Response to extraBalance Eth redemption

vincgahvincgah Member Posts: 6
"What will TheDAO do with the extraBalance when it shuts down? self.TheDao

[
–]Lorix_In_Oz 5 points  
This will be a complicated issue, especially if people who bought tokens at a higher ETH cost have already traded them. They could either:
Try to return it to contributors who paid the higher price if they can be traced
Proportionally split it up between all token holders according to the number of tokens they have
Donate it to the Ethereum Foundation who helped recover from the hack
Use it to establish an independent group to develop, THOROUGHLY TEST and ultimately deploy a DAO 2.0 framework that avoids the problems this first one had


Source:
https://www.reddit.com/r/TheDao/comments/4oj5yv/what_will_thedao_do_with_the_extrabalance_when_it/?st=iqvwgbp3&sh=0a827126

Edit: I know this is a bit long, so even if your not interested in the extraBalance eth, suggested places of where to post this, other than here, would be very much appreciated. Thanks!

Response:
This is an easy fix.
There are two basic situations:
1)All the DAO tokens are sitting in the account of origin.
2)Or DAO tokens have been spent/moved/transferred from the account of origin.

I'm working under the assumption that it can be viewed which addresses purchased extrabalanced eth dao tokens and for what price.

For situation 1, negligible resources need be expended to figure out how much extraBalance eth originated there.
Therefore they can be simply returned to the origin account.

For situation 2, the tokens that were transferred away from the origin address concluded with 3 basic scenarios: (of which any combination of these 3 situations can be realized)

Point 1 of situation 2) The origin account simply transferred them to another account of the same owner
They can readily be transferred back to the origin account; therefore without question, given a time window to return theDAO tokens back to the origin account, it should be sent its share of extra balance eth

Point 2 of situation 2) The origin account transferred them to another account not controlled by the same owner
You paid another account the dao tokens at some agreed upon market value that you were willing to take the risk/trade-off of. Therefore you already forfeited your expectation of any further returns of value from those dao tokens. You should expect no extrabalance eth represented by those theDAO tokens that were “spent” to be returned to the original account. (This in particular applies to people who traded at an exchange)(Also burnt or lost tokens fit into this category/situation.)

Point 3 of situation 2) The origin account transferred them to another account of someone known by the original owner, and/or that the original owner can establish a line of communication with them
You may have purchased these tokens on behalf of someone else and sent them to their own accounts, they may have been gifted, or they may have been spent.
For this situation it should be pretty easy to create an agreement with the 3rd party to send the dao tokens back to the origin address within a specified time window to retrieve all extrabalance eth that can be represented by these dao tokens, and then after the fact with said persons own resources divide the eth out accordingly [this obviously includes point 2), but work has to be put in on the account origins part only and they could agree to split the proceeds of the extrabalance eth]

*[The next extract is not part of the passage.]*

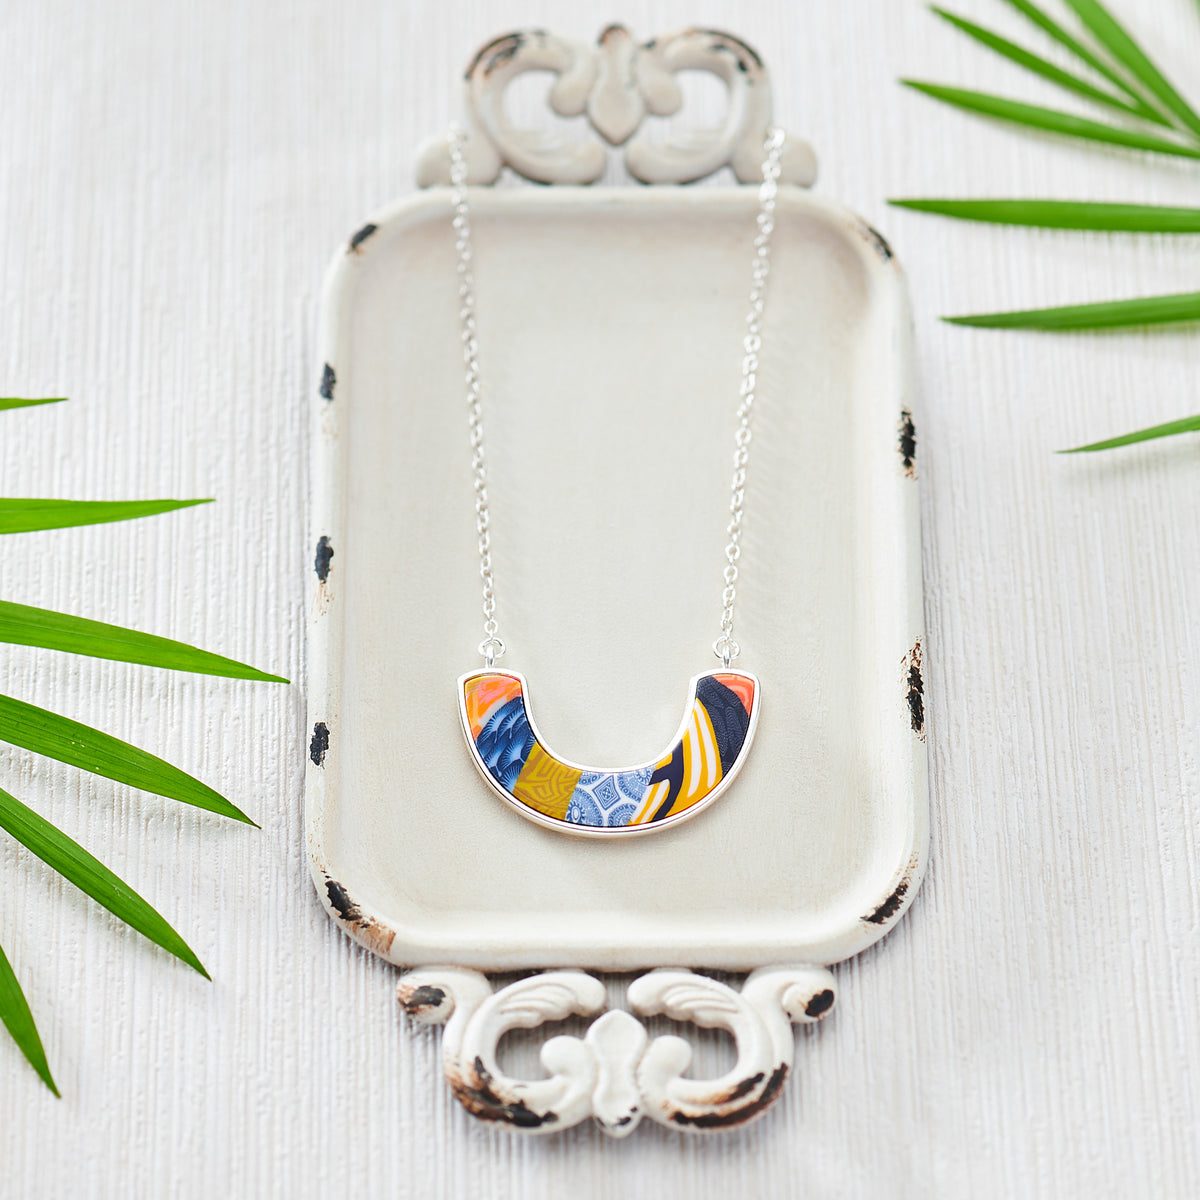 French Quarter Reversible Cradle Necklace

For point 3 of situation 2, it can be seen where perhaps the original dao tokens are not able to be sent back, but the dao tokens of another origin are able to fill the balance of a different origin account to its original dao token balance. In this case, the calculation isn't worth it and should be given the benefit of the doubt and just credited. It can also be seen that this situation just described happens, but additional the dao tokens are added to an origin address in excess of the original cration/purchase amount. In that situaion, the dao tokens above the original purchasing balance should only be credited in a 1:100 ratio because it should be assumed they were purchased from another entity that created them with the expectation that no matter how they originated they could only be redeemed for ether at a rate of 1:100.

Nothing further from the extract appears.